L’ambiguïté de cette ambition de participation-collaboration-appropriation que représente le web 2.0 est justement de ne pas arriver à se dégager du web, au point de ne pas imaginer les opportunités sociales et cognitives portées par le seul « 2.0 », c’est-à-dire le fil conducteur appliqué aux échanges sociaux même hors ligne. Pour en rester à la question des catalogues, je proposerais volontiers trois axes :
– produire un vrai contenu, et non se contenter d’agréger : on peut critiquer négativement un titre, le mettre en scène, proposer dialogues et réactions, et pourquoi pas instances de débat… Mais le catalogue est-il le bon lieu ? Un catalogue est neutre : il propose l’ensemble d’une collection, un bouquet de localisations repérables par diverses facettes. Ce qui conduit pour les bibliothécaires à adopter une prudente neutralité quant aux titres qui composent cette collection. Or une vraie médiation encourage la critique, la préférence, la passion, le débat. Je suis intimement persuadé qu’il faut créer ou rejoindre les espaces du débat, ailleurs : des blogs – de bibliothèques ou de partenaires -, des sites de passionnés – bibliothécaires ou non -, des propositions d’opinions argumentées, positives ou négatives (en ligne mais aussi dans la bibliothèque) ;
– laisser disséminer les données bibliographiques (et autres) du catalogue, notamment vers tous les sites -internes ou externes à la bibliothèque – qui permettent un tel débat, au lieu de toujours ramener vers le catalogue. Ce qui suppose, il est vrai, d’associer les notices du catalogue à ces débats extérieurs, donc à en permettre la capture ou le lien stable. Mais non pour en enrichir une capitalisation accumulative, mais tout bêtement pour offrir un lien (sur le web, un catalogue est un cul-de-sac : son essence est une description bibliographique incompréhensible pour qui ne vient pas dans le lieu…). D’ailleurs, à l’inverse, on pourrait aussi bien imaginer de supprimer le catalogue en tant qu’entité autonome pour l’imaginer bouquet de ressources bibliographiques documentant une base de supports précisément localisés, assistance à un repérage de documents si soigneusement classés qu’ils peuvent en être inaccessibles ;
– enfin donc agir pour et avec l’usager 1.0, physique et d’abord présentiel : le visiteur n’attend du catalogue qu’une localisation aisément repérable en fonction des éléments dont il dispose pour le rechercher. Si déjà cela fonctionne ergonomiquement, c’est génial. Plus loin ? Bien sûr, on peut présenter une vignette de la jaquette ou des résumés, mais cela suppose un butinage aléatoire du visiteur dans le catalogue : je n’ai encore jamais rencontré cet étrange merle blanc (les jaquettes sont plus expressives sur les étagères que dans le catalogue…). Alors il faut bien s’occuper de ce visiteur si peu virtuel et si massivement utilisateur de ce fameux catalogue ! On peut veiller à en faciliter les itinéraires ou rebondissements de recherche localisée, bref en favoriser l’ergonomie heuristique pour les visiteurs de l’établissement, mais que diable, ne parlons pas là de « web 2.0 » !

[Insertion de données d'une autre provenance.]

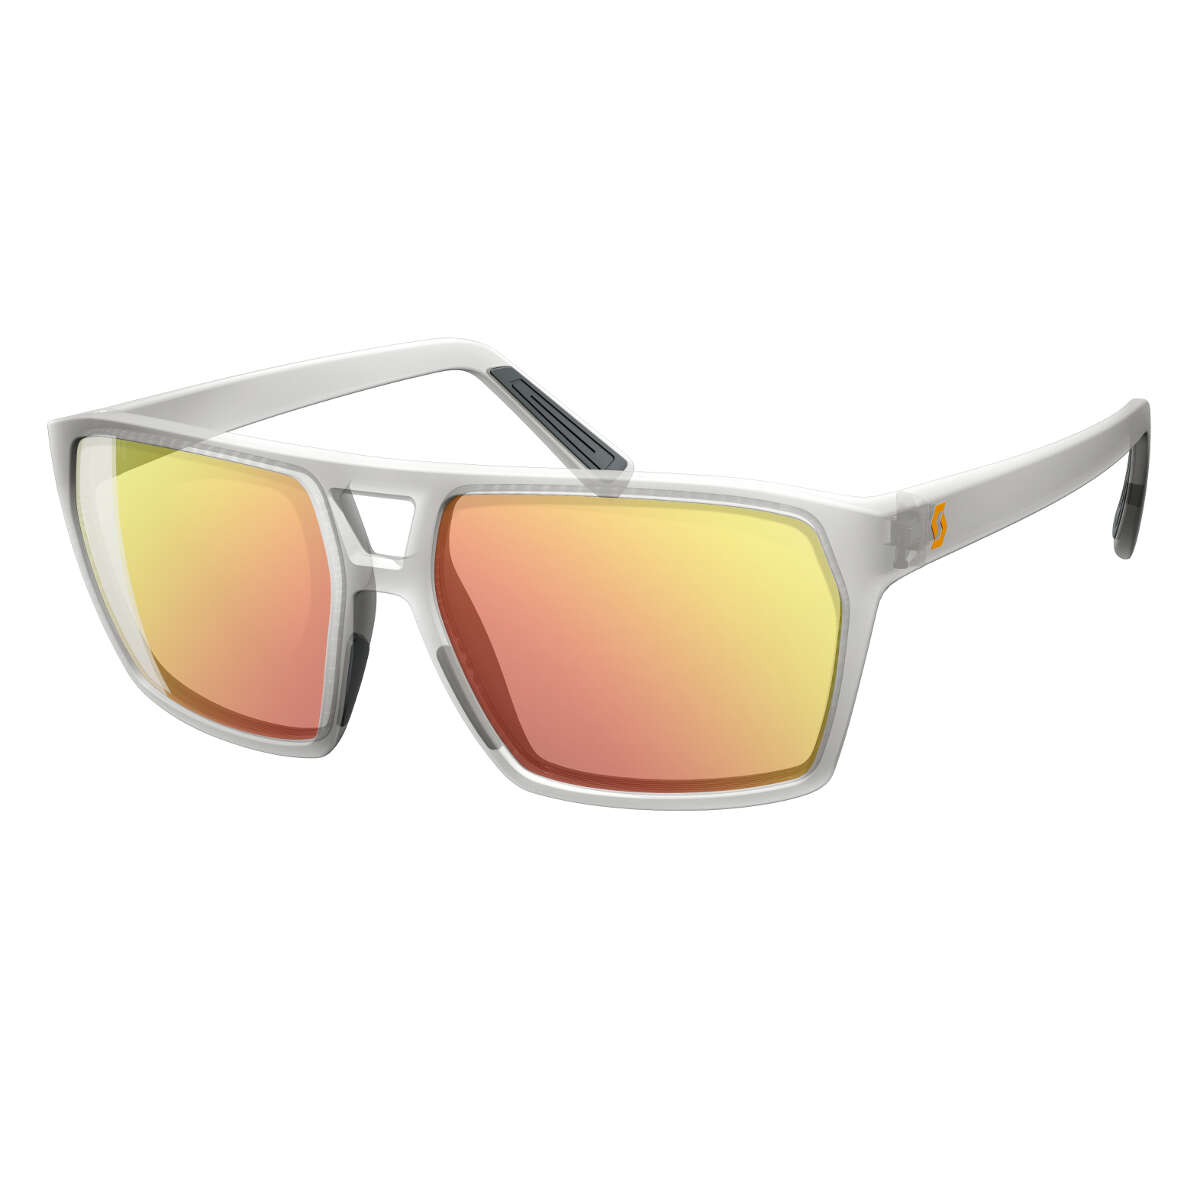 Scott Sunglasses Tune Grey Translucent - Red Chrome

Oui aux outils, non à la sidération
En fin de compte, je respecte le catalogue et son architecturation. J’approuve énergiquement les tentatives d’enrichissement de ses notices, que ce soit par des métadonnées sophistiquées,des résumés, des critiques, etc, comme j’applaudis encore plus ses améliorations ergonomiques pour le visiteur. Mais je me défie du désir qui voudrait ramener l’internaute vers le catalogue comme coeur de l’activité de la bibliothèque, surtout en y convoquant le magique « 2.0 ». Il est bien d’autres outils et processus à visiter tant sur le Net que dans les murs de nos établissements…

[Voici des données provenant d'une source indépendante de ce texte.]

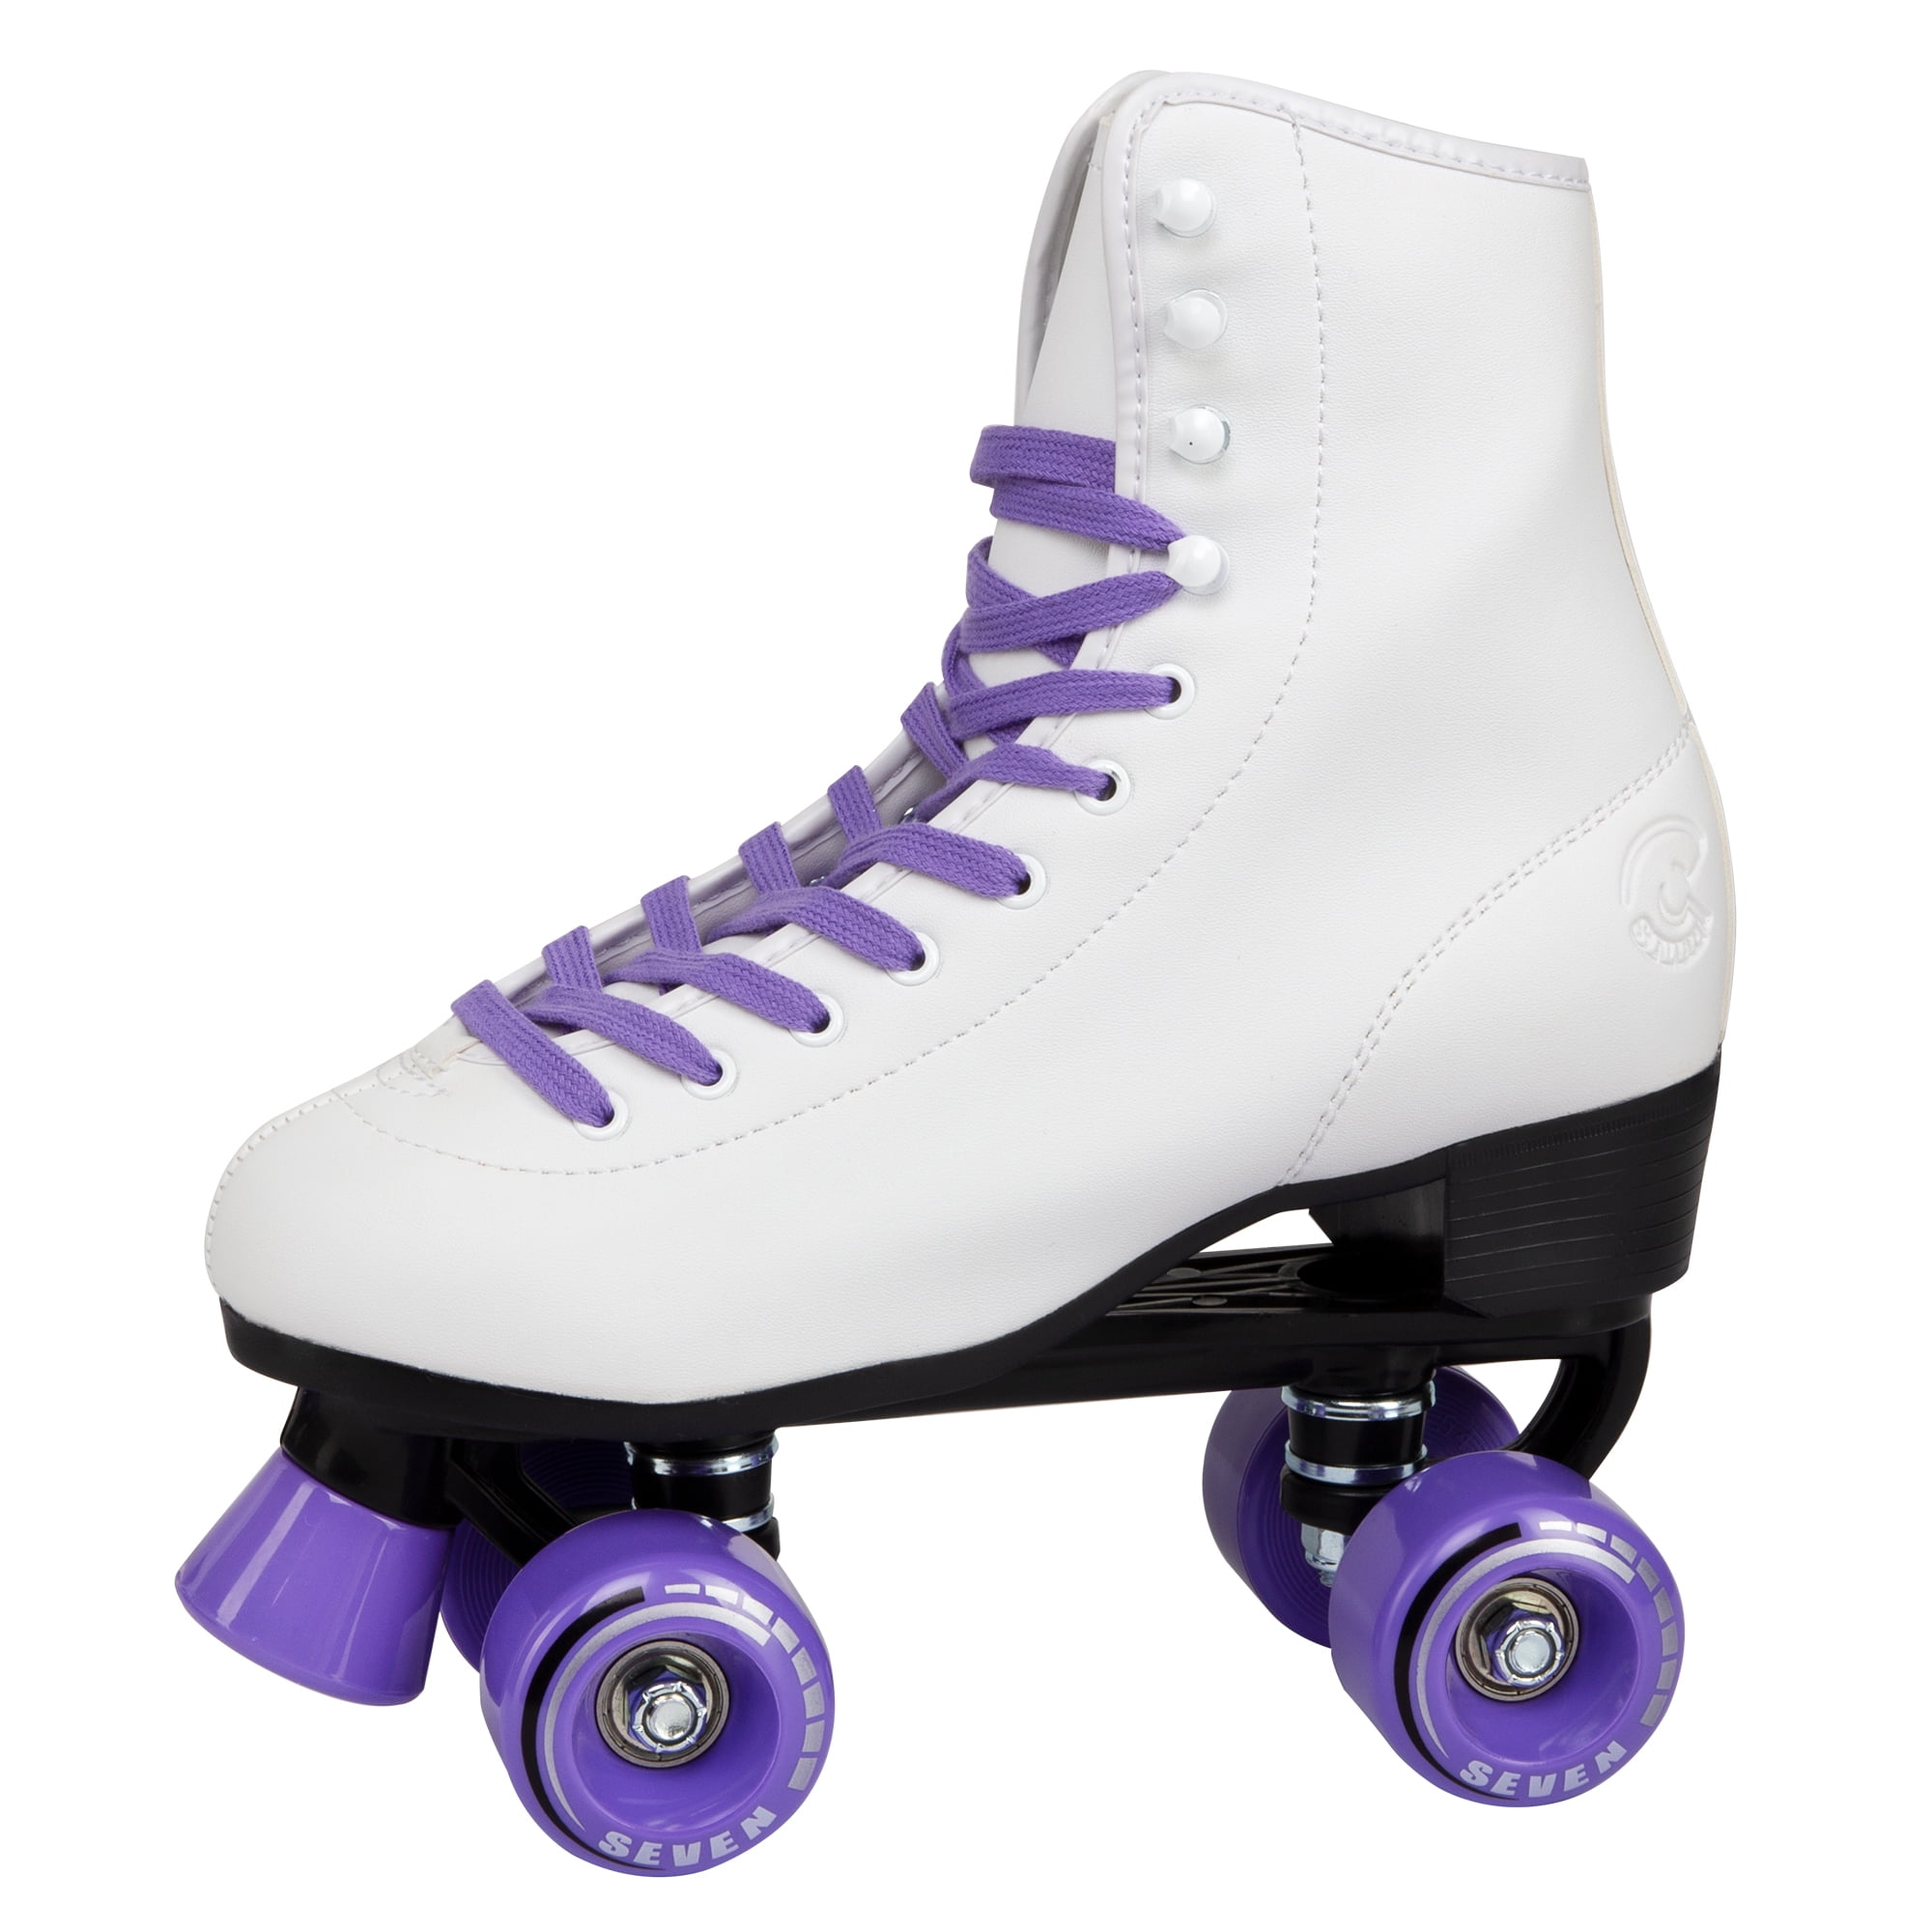 Details about   Quad RollerSkates Purple Flower for Women Size 5 Adult 4-Wheels

Pourquoi un tel engouement pour poser du 2.0 sur le catalogue ? Ne serait-ce pas parce que ce catalogue est l’arme ancestrale voire ultime du bibliothécaire ? On revisite volontiers l’outil sans en questionner la destination…

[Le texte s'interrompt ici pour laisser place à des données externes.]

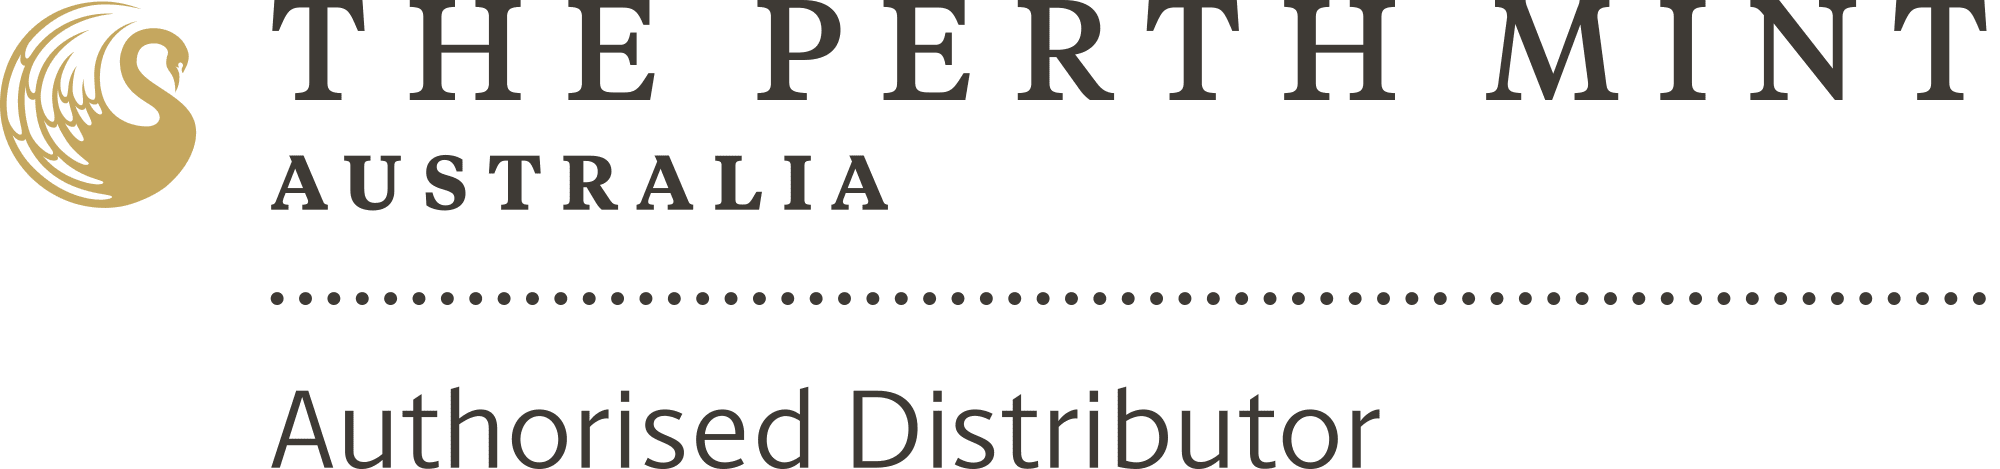 Authorised Perth Mint Distributor

Mais, je le soutiens, pour l’immense majorité des bibliothèques, c’est dans le présentiel que le catalogue doit trouver son avenir. Et la dimension participative voire collaborative du concept 2.0, n’est-ce pas là qu’elle doit prioritairement s’y développer très concrètement ?
N’hésitez pas à contester, amender, compléter, illustrer !…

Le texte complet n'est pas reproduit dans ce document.